Corrupción y política

EDITORIAL|

Una de las condenables enfermedades del quehacer político es la corrupción, entendida como uso doloso de bienes públicos de manera directa o indirecta. Los recursos económicos de los Estados pertenecen a todos los ciudadanos y tarea fundamental de quienes ejercen el gobierno, es administrar esos bienes con honestidad total y eficiencia en su uso. Lamentablemente en muchos países –el nuestro ni de lejos es excepción- se han dado y dan casos de personas que al desempeñar funciones lo hacen recurriendo a sus recursos para acumular riqueza personal o toleran que otras lo hagan pudiendo evitarlo.

La corrupción no tiene “ideología”. Por parte de la oposición es una tendencia generalizada a atribuir los actos corruptos que tienen lugar en un gobierno, a su orientación política. Los hechos han demostrado que esta perversidad se ha dado en gobiernos nacionales y seccionales de diversas ideologías. Esencial a quienes ejercen las más elevadas funciones es tratar de evitarlas y, en caso de darse, combatir con entereza a sus autores siguiendo los cauces legales.

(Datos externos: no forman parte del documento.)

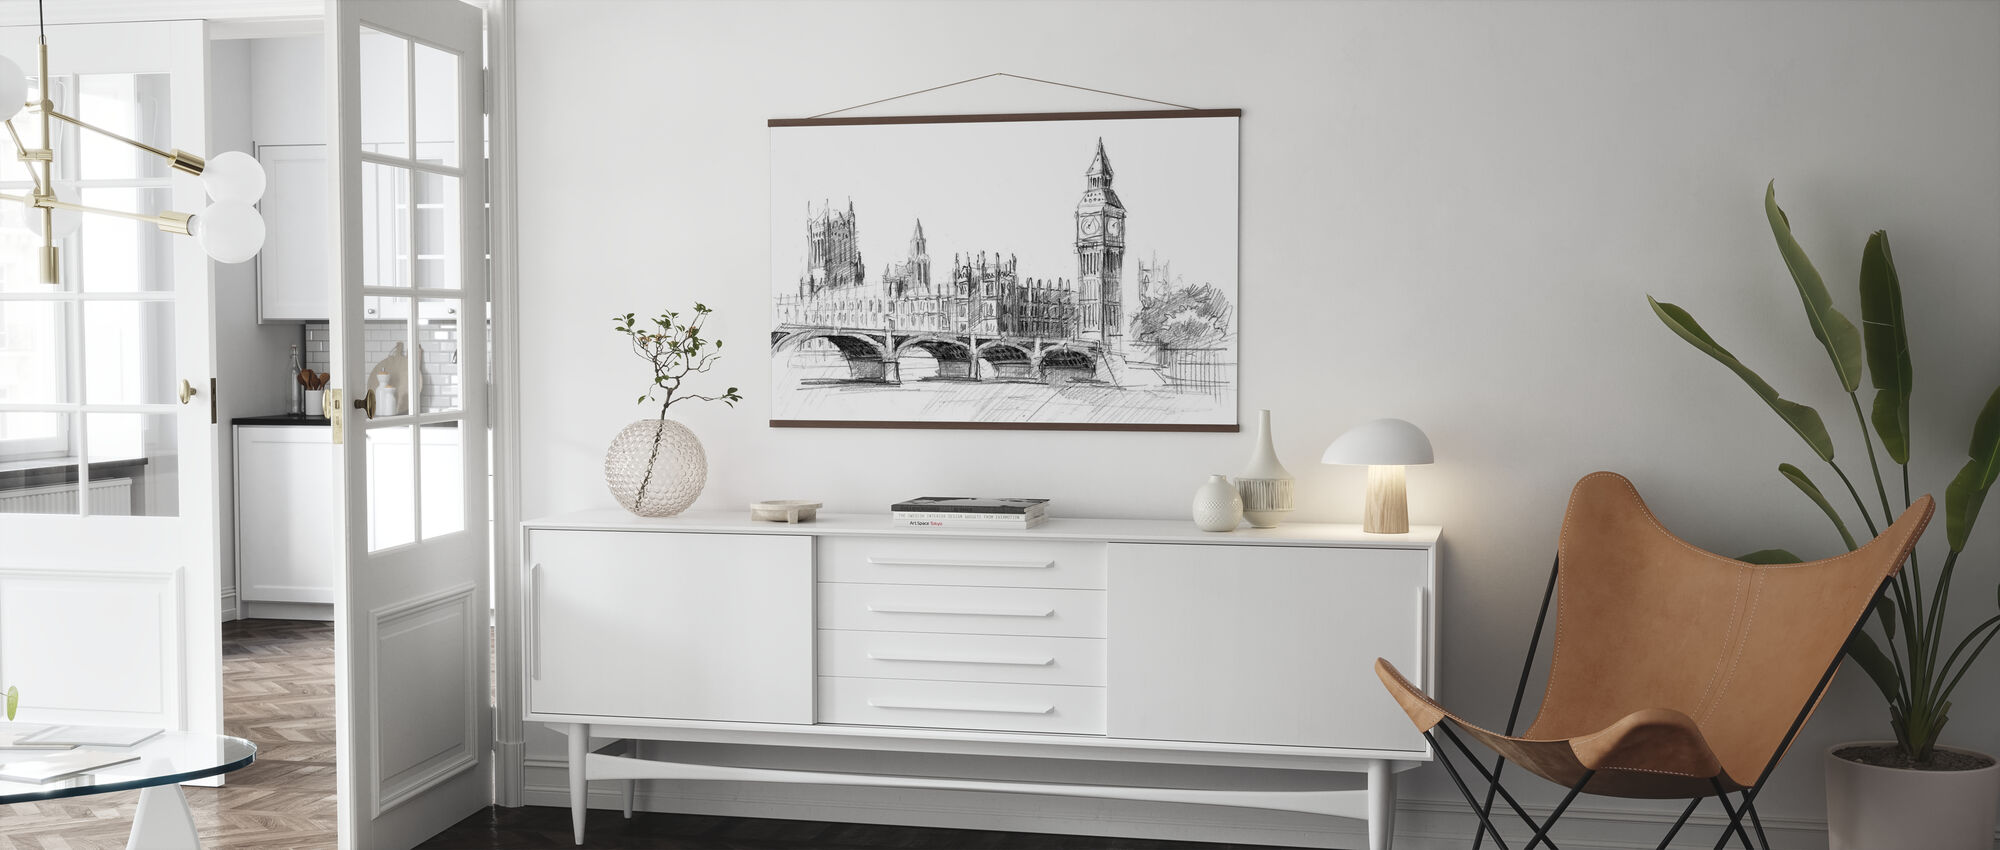 Big Ben in Black Lead - Poster - Living Room
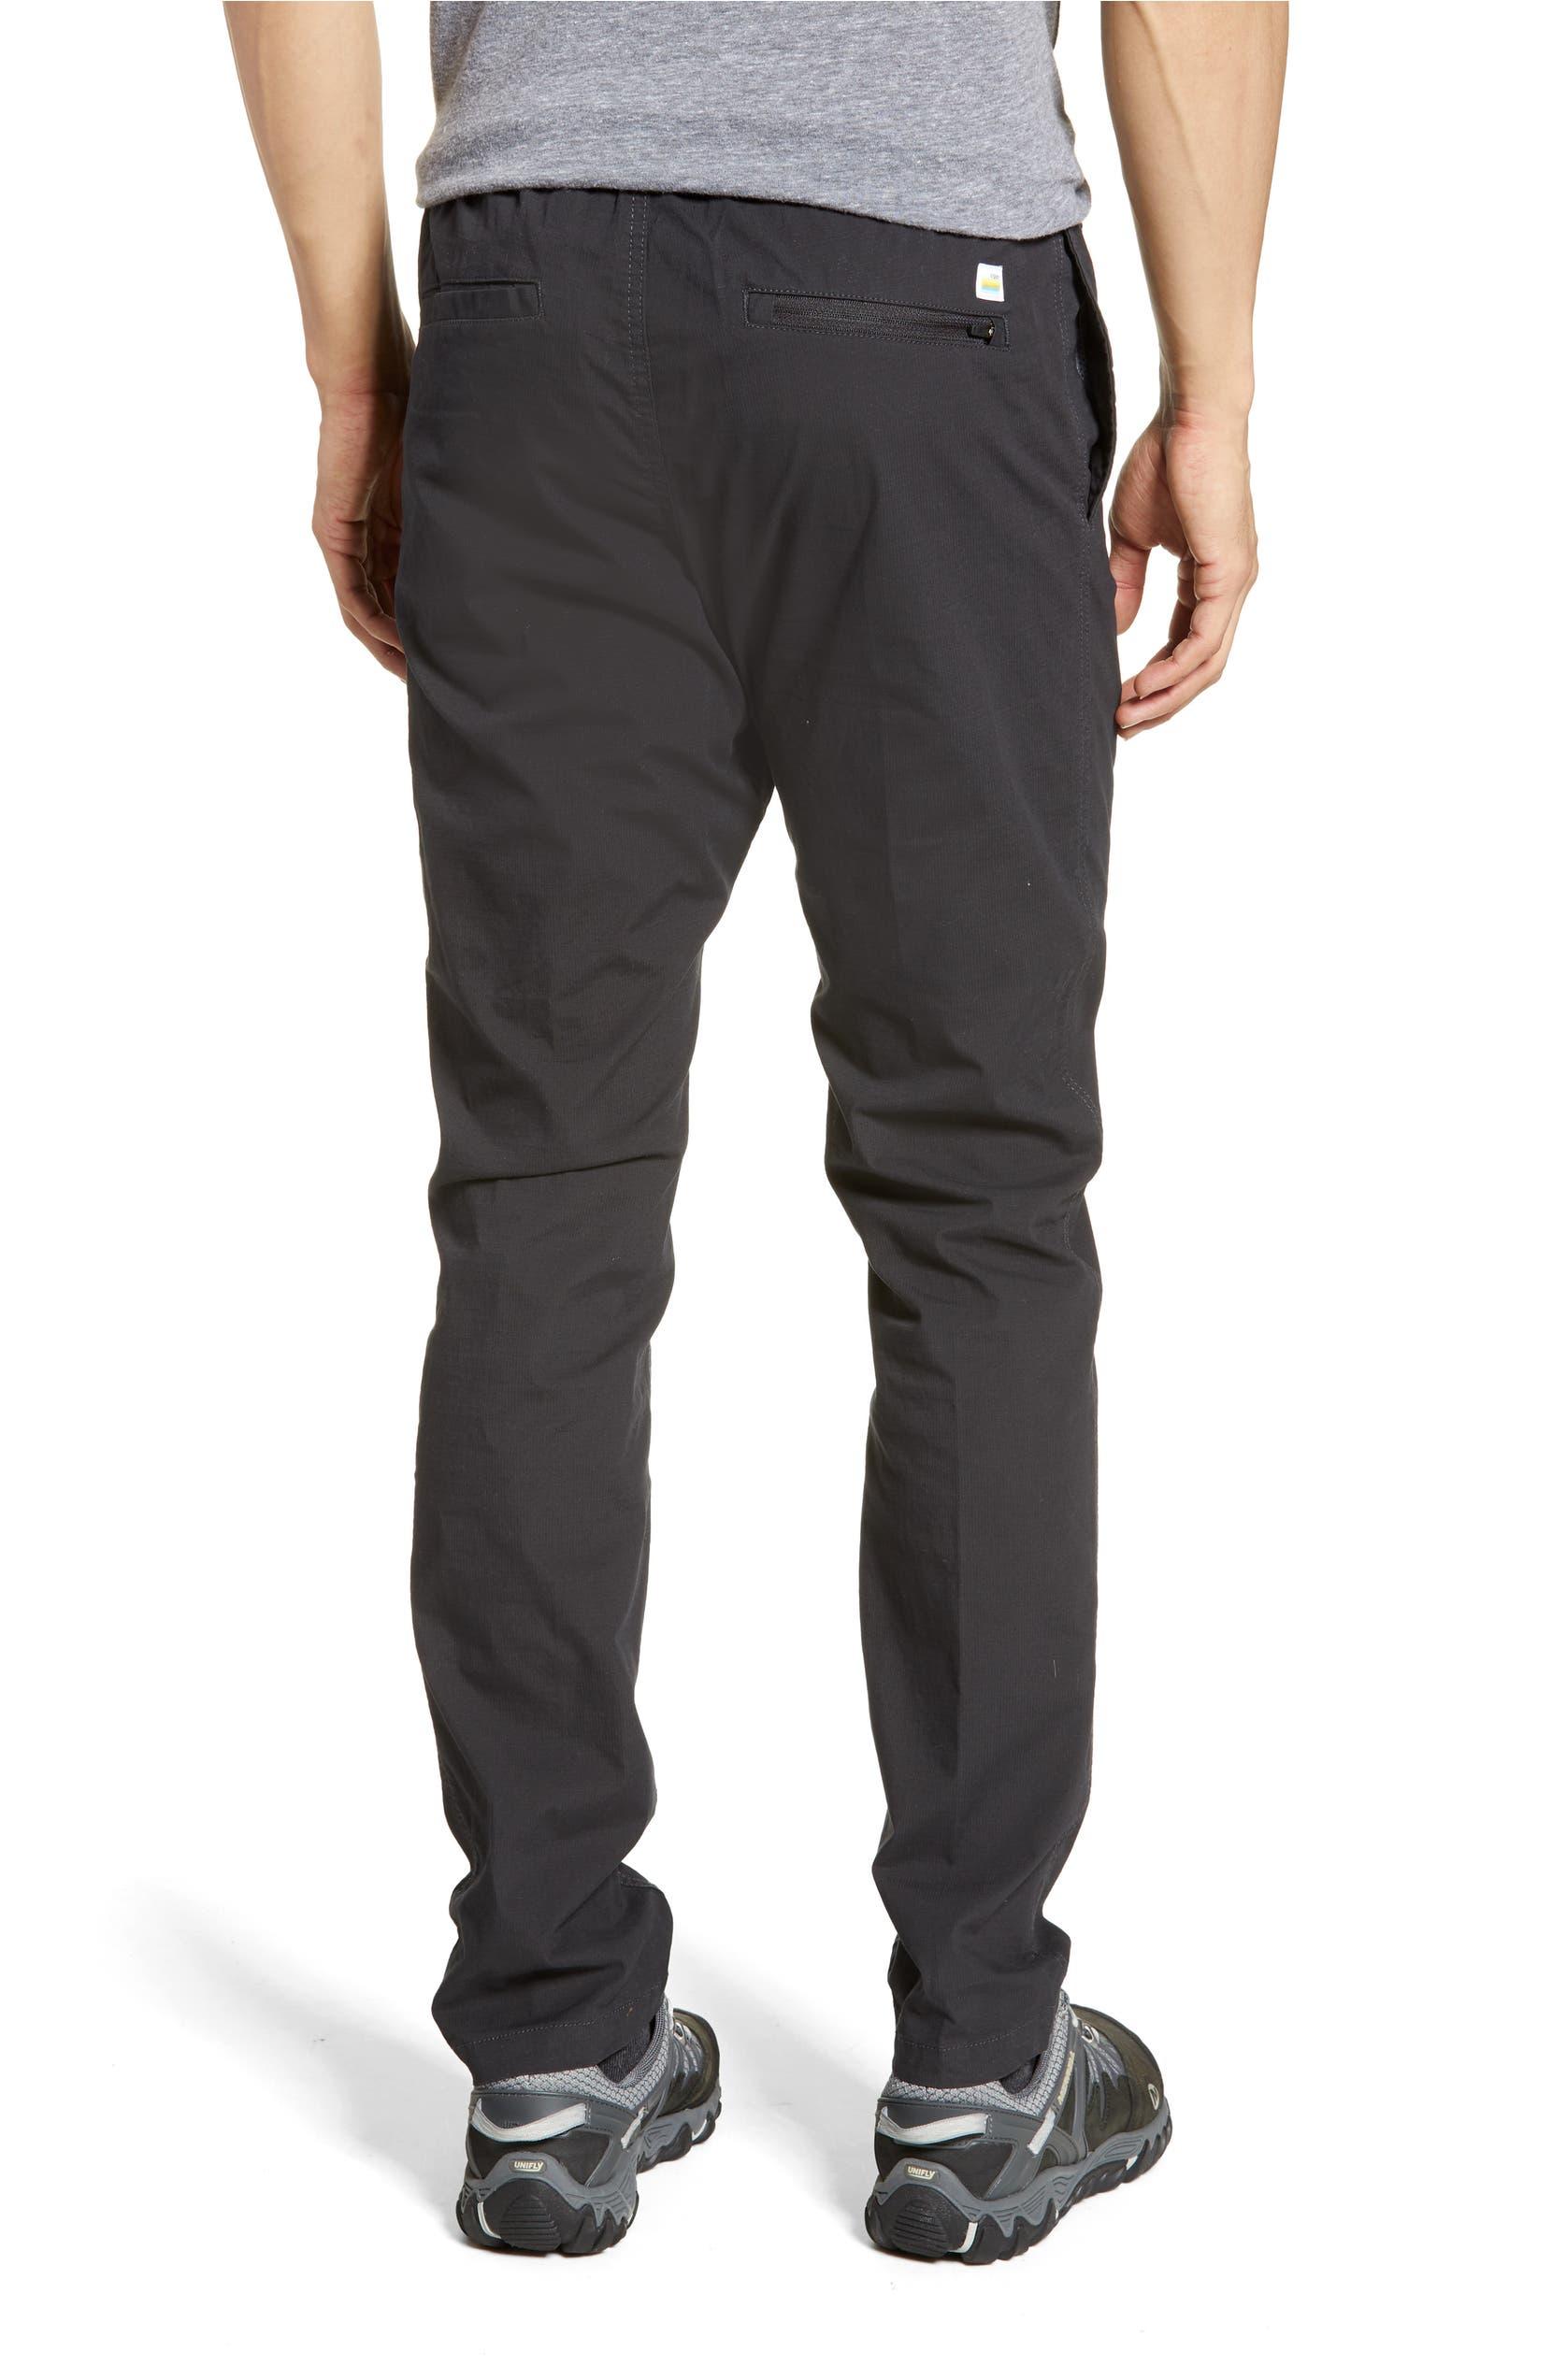 9d53208d99930 vuori Ripstop Slim Fit Climber Pants | Nordstrom

Si las altas esferas no lo hacen demuestran ineptitud y, si tratan de encubrirla o taparla, en el mejor de los casos, en cómplices. Jefes de Estado que la han combatido con firmeza pasan a la historia con honor. Los que la han tolerado o, peor aún, alentado se incorporan a la ignominia.

La pandemia ha puesto en evidencia grotescos negociados en la adquisición de insumos médicos. Su reiteración nos lleva a pensar que se trata de una malévola red organizada para negociar con la salud, lo que acrecienta la ignominia. Alivian estos hechos bochornosos que salgan a luz estos delitos y que haya entereza en la fiscalía para investigarlos y procesarlos, sin que el gobierno se oponga a esta gestión. Es muy importante que haya denuncias fundamentadas, pero por sí solas no la evitan. Es esencial que se deje en el archivo de la infamia la impunidad y que los dirigentes de agrupaciones políticas no protejan a los autores de su grupo.